No. I have reserved NMI for the crash debugger. When the scheduler hits a fatal error, it will send NMI to all other cores to freeze them, regardless if they have interrupts enabled or not. Thus, NMI is not available.
It doesn't take a genius to set a "entering crash debugger" flag, and test that flag at the start of the NMI handler to determine if the cause of the NMI was watchdog or crash.
rdos wrote:So, if the user loads the PIC device-driver, it will look for PITs for timers / elapsed time, as those are commonly found on older hardware without APIC. If the user loads the APIC device-driver, it would make different choices, selecting between APIC timer, HPET or PIT. The only choice users have is to select which interrupt controller is available.
So if the user says there's a PIC, you ignore the flag in the ACPI tables that says if there's PIC chips or not, and also assume there's no HPET even if there is? If the user says there's APICs, you ignore the details in the ACPI MADT that says if there's APICs and assume there's no PIT even if there is?
If someone cuts off their arm and is bleeding to death, instead of making the obvious assumption (that they want some first aid) based on easily observable facts, do you ask them if they want a hamburger?
rdos wrote:As can be seen, it reports that the PIT exists, but doesn't have any interrupts.

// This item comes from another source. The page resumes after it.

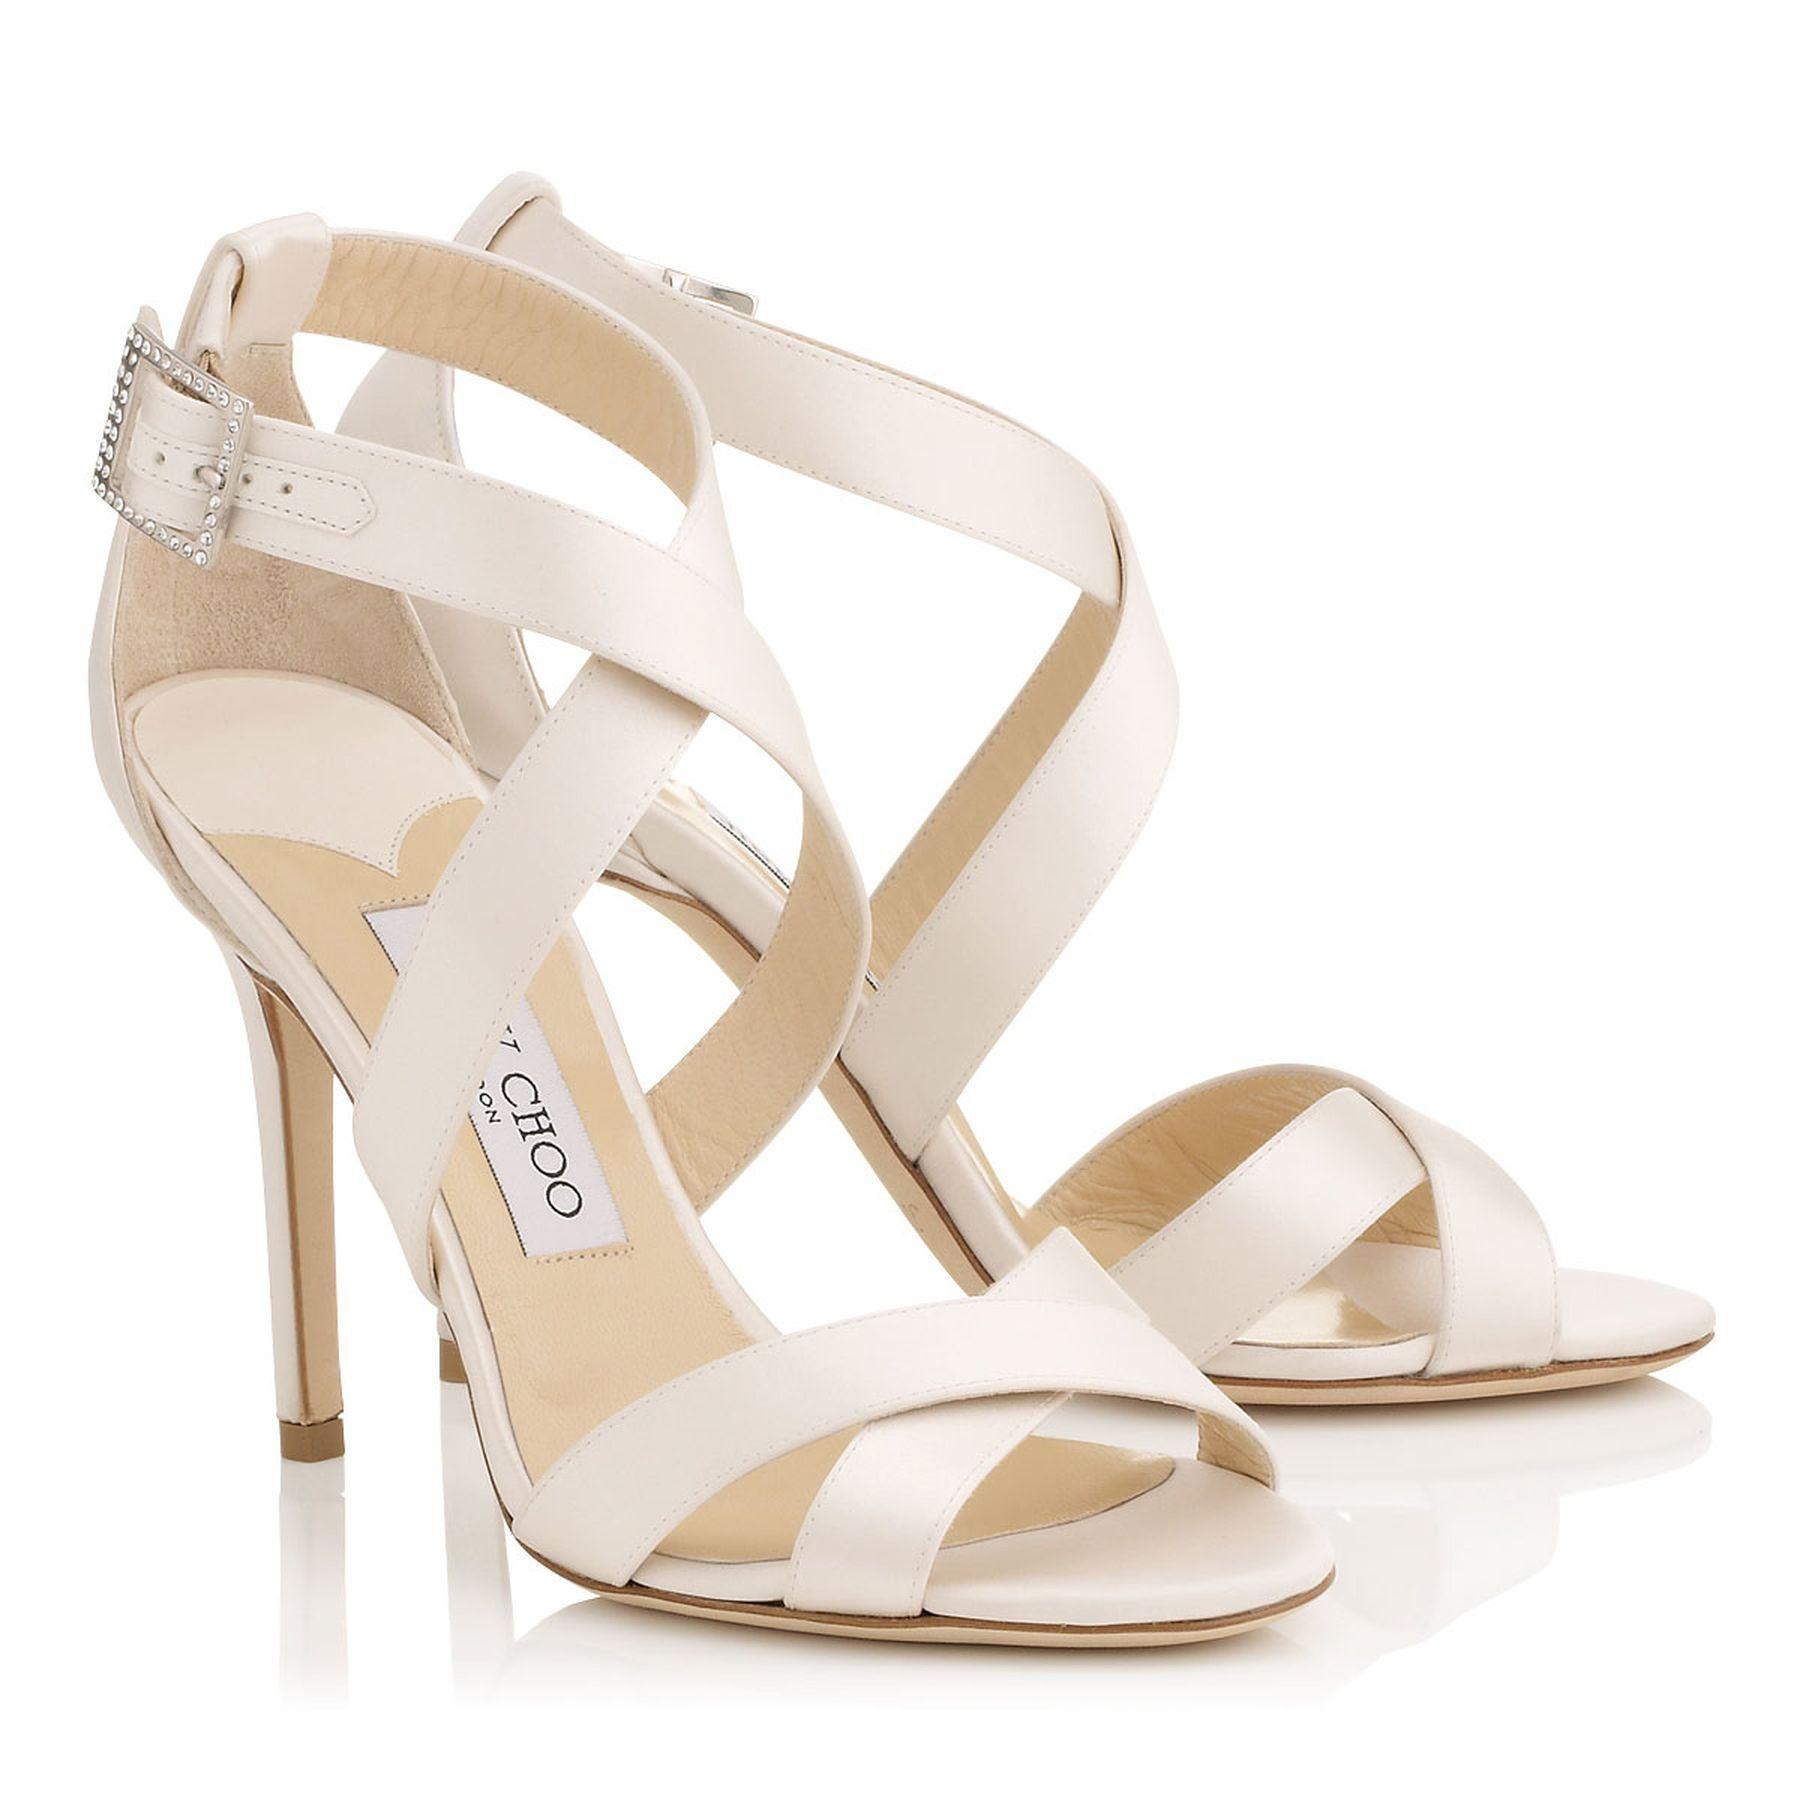 Strappy Ivory Heels

It also reports that HPET has both IRQ 0 and 8.
That's probably 100% correct - there is a PIT (but it might only be used for speaker control) and HPET (and SMM) is used to emulate PIT channel 0 and IRQ0 for legacy OSs that don't enable "ACPI mode"; and an OS that looks at the AML is assumed to use "ACPI mode" where the firmware doesn't bother using SMM to emulate the PIT (the OS just uses HPET directly).
Cheers,
Brendan